At this point in the modeling process I decided to try to split the skill parameter into two components, offence skill and defense skill, thinking that some teams might be good at scoring goals but at the same time be bad at keeping the opponent from scoring. This didn't seem to result in any better fit however, perhaps because the offensive and defensive skill of a team tend to be highly related. There is however one more thing I would like to change with the model…
The data set laliga
contains data from five different seasons and an assumption of the current model is that a team has the same skill during all seasons. This is probably not a realistic assumption, teams probably differ in their year-to-year performance. And what more, some teams do not even participate in all seasons in the laliga
data set, as a result of dropping out of the first division, as the following diagram shows:
qplot(Season, HomeTeam, data = d, ylab = "Team", xlab = "Particicipation by Season")

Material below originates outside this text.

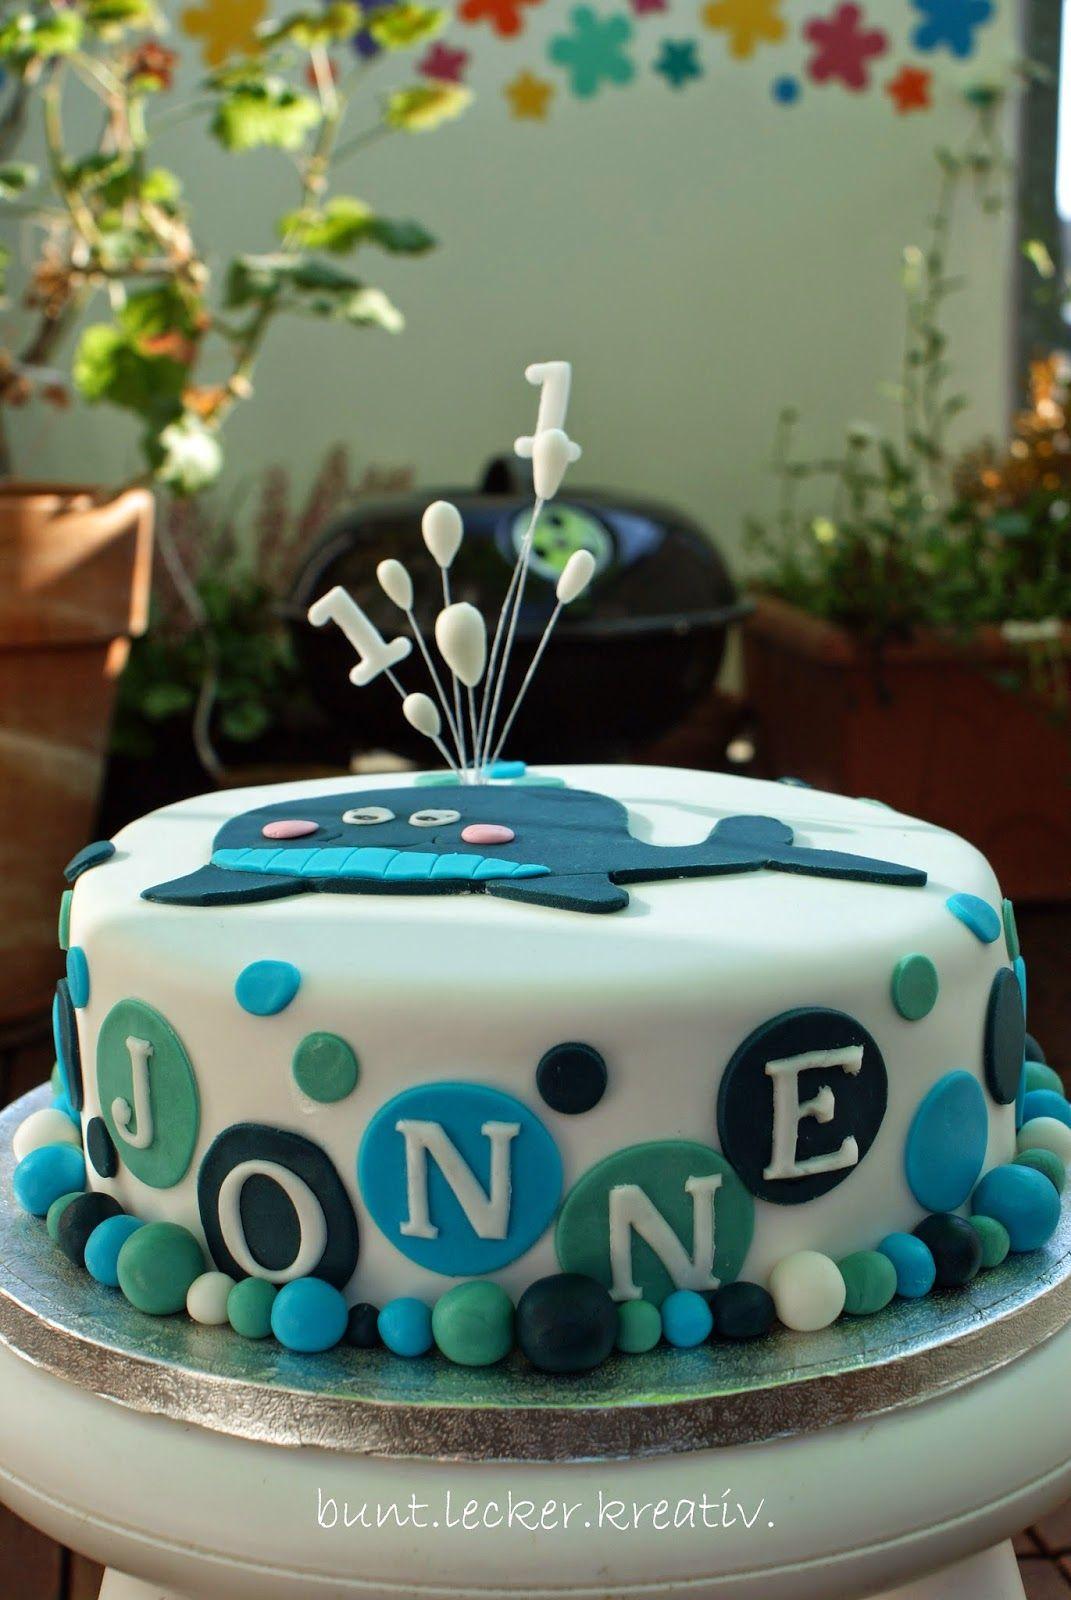 Buntleckerkreativ Wal Torte Zum 1 Geburtstag Geburtstag

The second iteration of the model was therefore modified to include the year-to-year variability in team skill. This was done by allowing each team to have one skill parameter per season but to connect the skill parameters by using a team's skill parameter for season \( t \) in the prior distribution for that team's skill parameter for season \( t+1 \) so that
\[ \text{skill}_{t+1} \sim \text{Normal}(\text{skill}_{t}, \sigma_{\text{season}}^2) \]
for all different \( t \), except the first season which is given an vague prior. Here \( \sigma_{\text{season}}^2 \) is a parameter estimated using the whole data set. The home and away baselines are given the same kind of priors and below is the resulting JAGS model.
m3_string <- "model {
for(i in 1:n_games) {
HomeGoals[i] ~ dpois(lambda_home[Season[i], HomeTeam[i],AwayTeam[i]])
AwayGoals[i] ~ dpois(lambda_away[Season[i], HomeTeam[i],AwayTeam[i]])
}
for(season_i in 1:n_seasons) {
for(home_i in 1:n_teams) {
for(away_i in 1:n_teams) {
lambda_home[season_i, home_i, away_i] <- exp( home_baseline[season_i] + skill[season_i, home_i] - skill[season_i, away_i])
lambda_away[season_i, home_i, away_i] <- exp( away_baseline[season_i] + skill[season_i, away_i] - skill[season_i, home_i])
}
}
}
skill[1, 1] <- 0
for(j in 2:n_teams) {
skill[1, j] ~ dnorm(group_skill, group_tau)
}
group_skill ~ dnorm(0, 0.0625)
group_tau <- 1/pow(group_sigma, 2)
group_sigma ~ dunif(0, 3)
home_baseline[1] ~ dnorm(0, 0.0625)
away_baseline[1] ~ dnorm(0, 0.0625)
for(season_i in 2:n_seasons) {
skill[season_i, 1] <- 0
for(j in 2:n_teams) {
skill[season_i, j] ~ dnorm(skill[season_i - 1, j], season_tau)
}
home_baseline[season_i] ~ dnorm(home_baseline[season_i - 1], season_tau)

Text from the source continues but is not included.